Jurassic
Park
1993
Director: Steven Spielberg
Starring: Sam Neill, Laura Dern, Jeff
Goldblum, Richard Attenborough
Oh,
this movie. Oh, Steven Spielberg. Oh, my youth.
They are all linked together.
A
rich billionaire with too much time on his hands (Attenborough) crazily clones
actual dinosaurs from preserved dino DNA in order to build a dino theme
park. He enlists the help of two
paleontologists (Neill and Dern) and a mathematician (Goldblum) to ensure the
park will run well. Of course… it
doesn’t. When the power goes down, you
don’t want to be stuck by the T-Rex paddock.
Alright,
let’s focus on the film before I veer wildly off track with my personal
relationship with this movie. This movie
just works. It is also, perhaps, one of
the ultimate Spielberg films. Everything
that makes Spielberg Spielberg is in this film, and in spades. He is nothing if not a showman, and this is a
showy film.
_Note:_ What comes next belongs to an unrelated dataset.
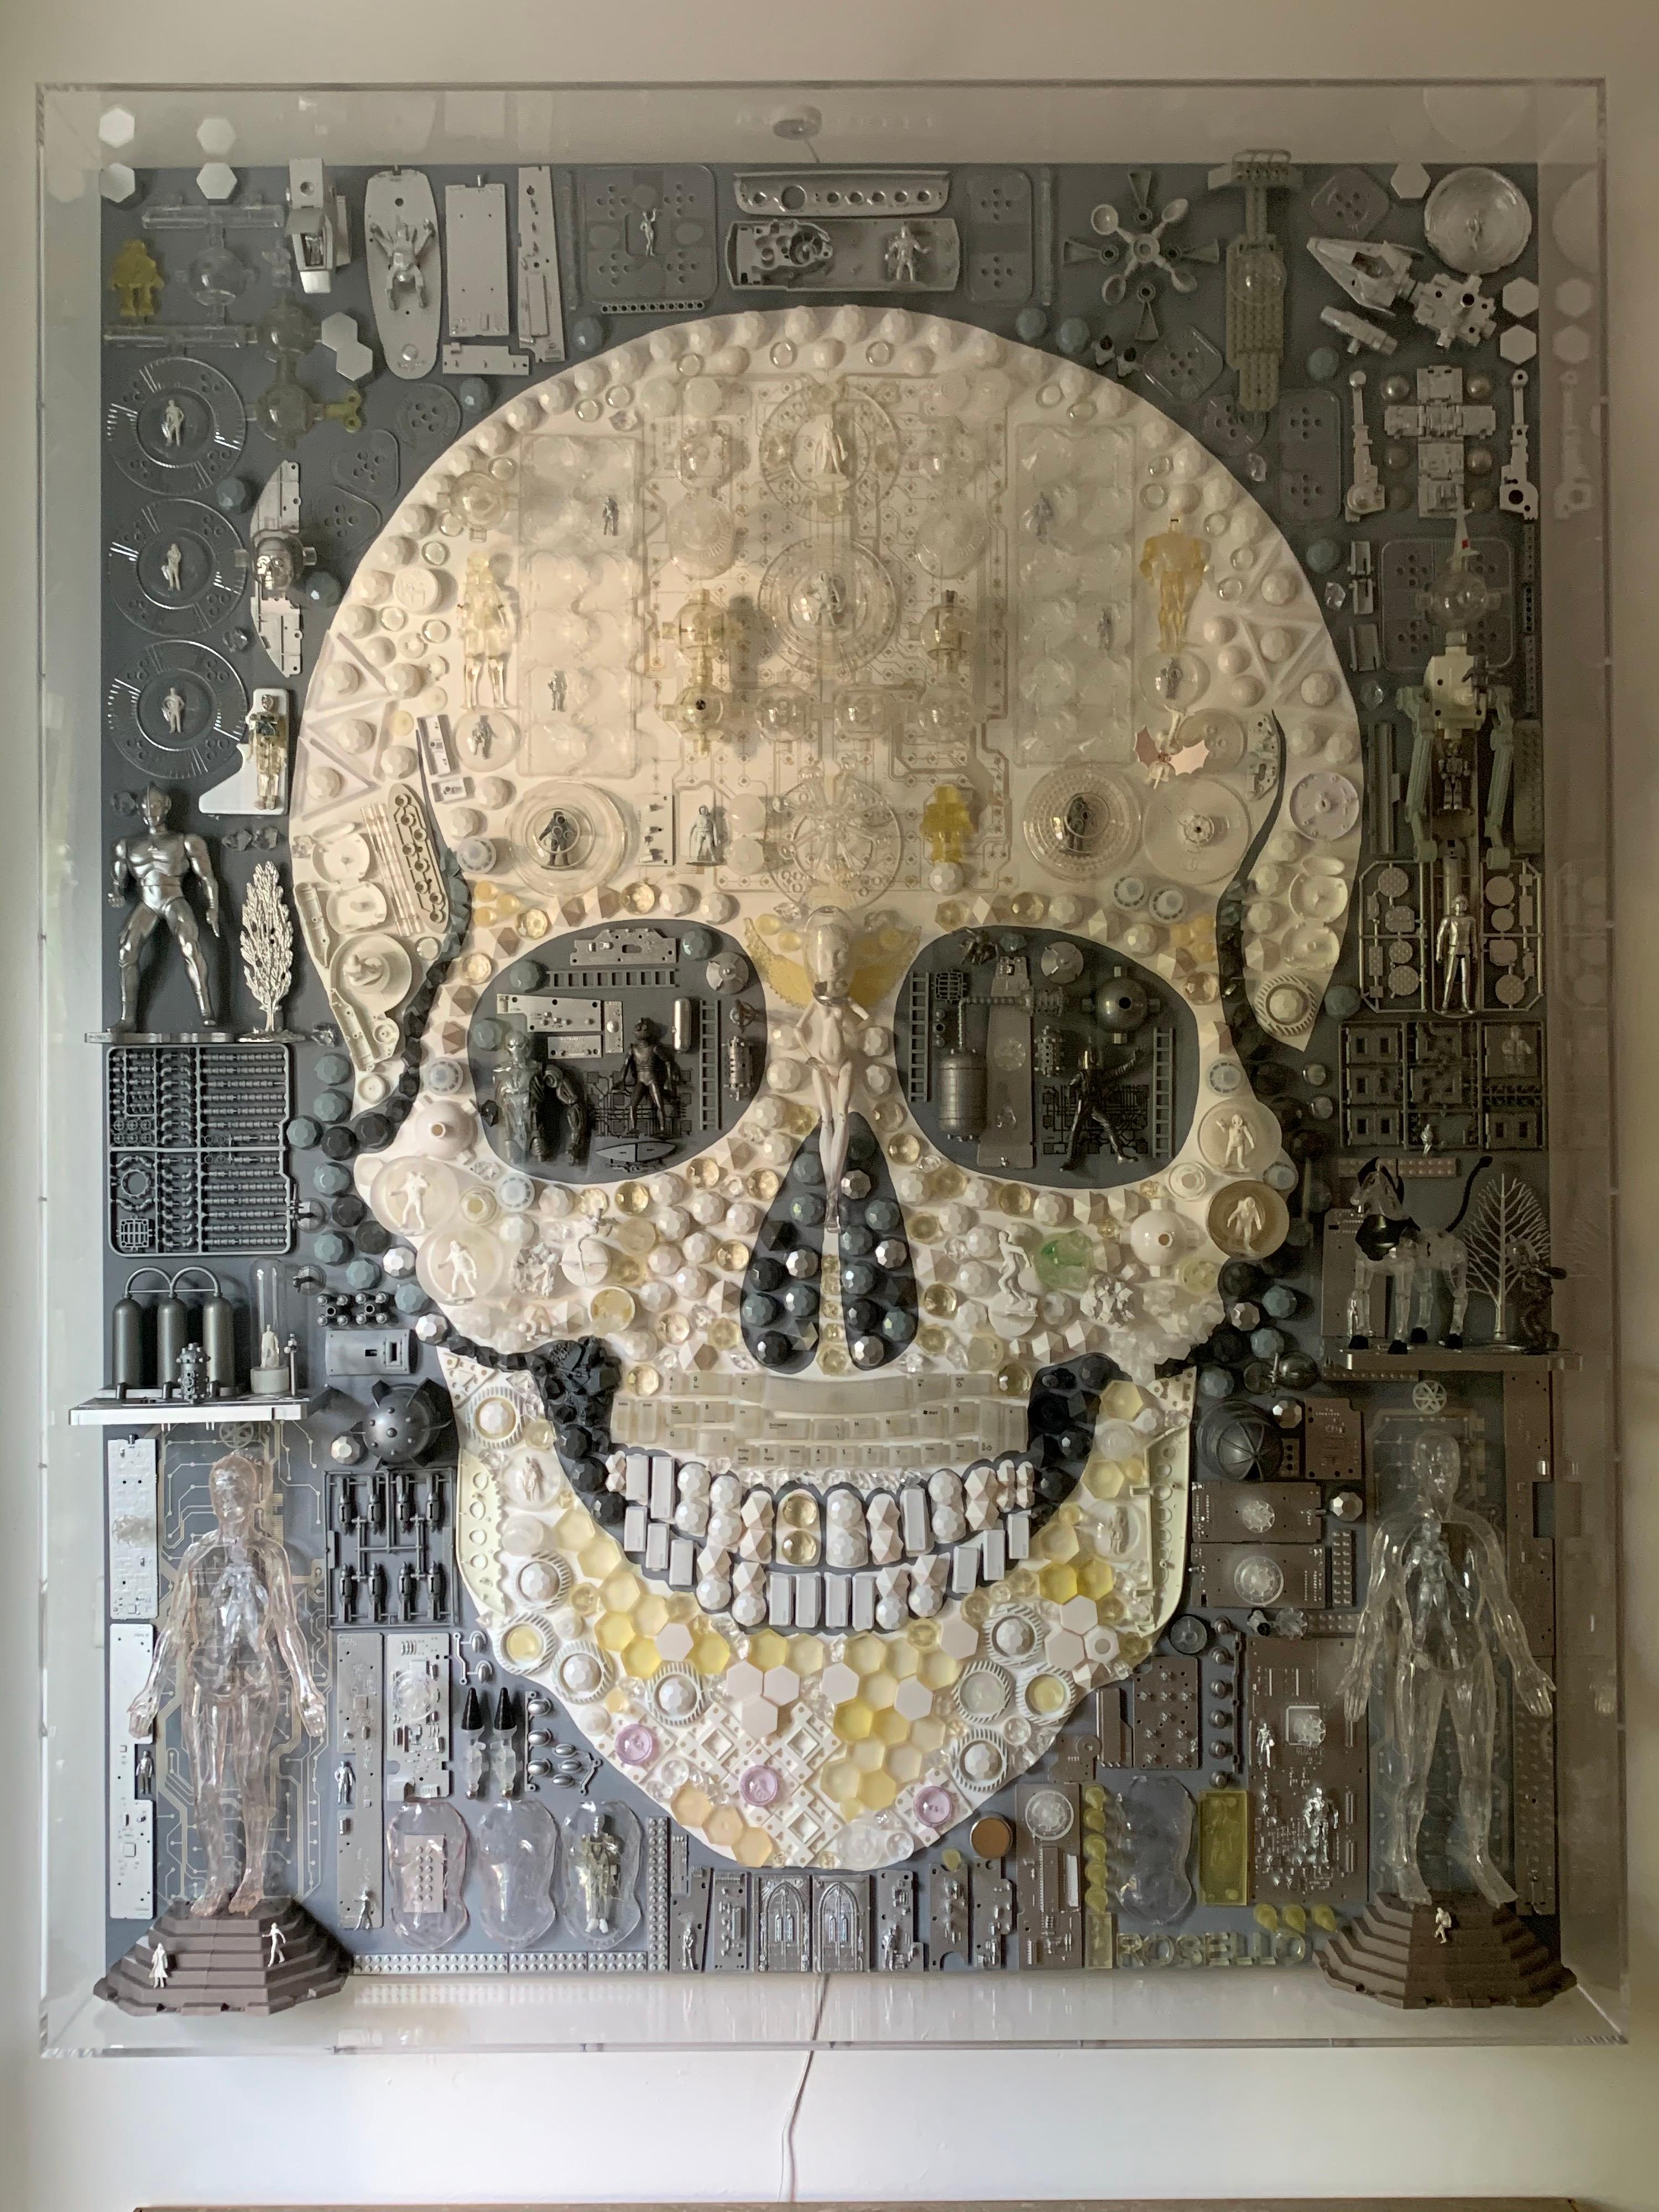 Huge Acrylic Boxed Art by Rosello “Skull” For Sale 8

But Spielberg is also smart,
and the grand spectacle of putting freakin’ dinosaurs on the screen is tempered
with a very good plot that lets you see the dinos, but not too much of
them. The completely idiotic sequels to Jurassic
Park forgot this, and overdosed the audience on dino fun times. The original does it right, though. A lot of talking about dinos, but not too
much seeing them. Better to see people
react to dinosaurs when you can. At the
screening of this I recently attended, it was said in the introduction that
full shots of dinosaurs only account for 6% of the total screen time of the
film, whereas partial shots of dinosaurs account for 21%. To me, this is a perfect balance of spectacle
and narrative.
I
love how frightening the action sequences are.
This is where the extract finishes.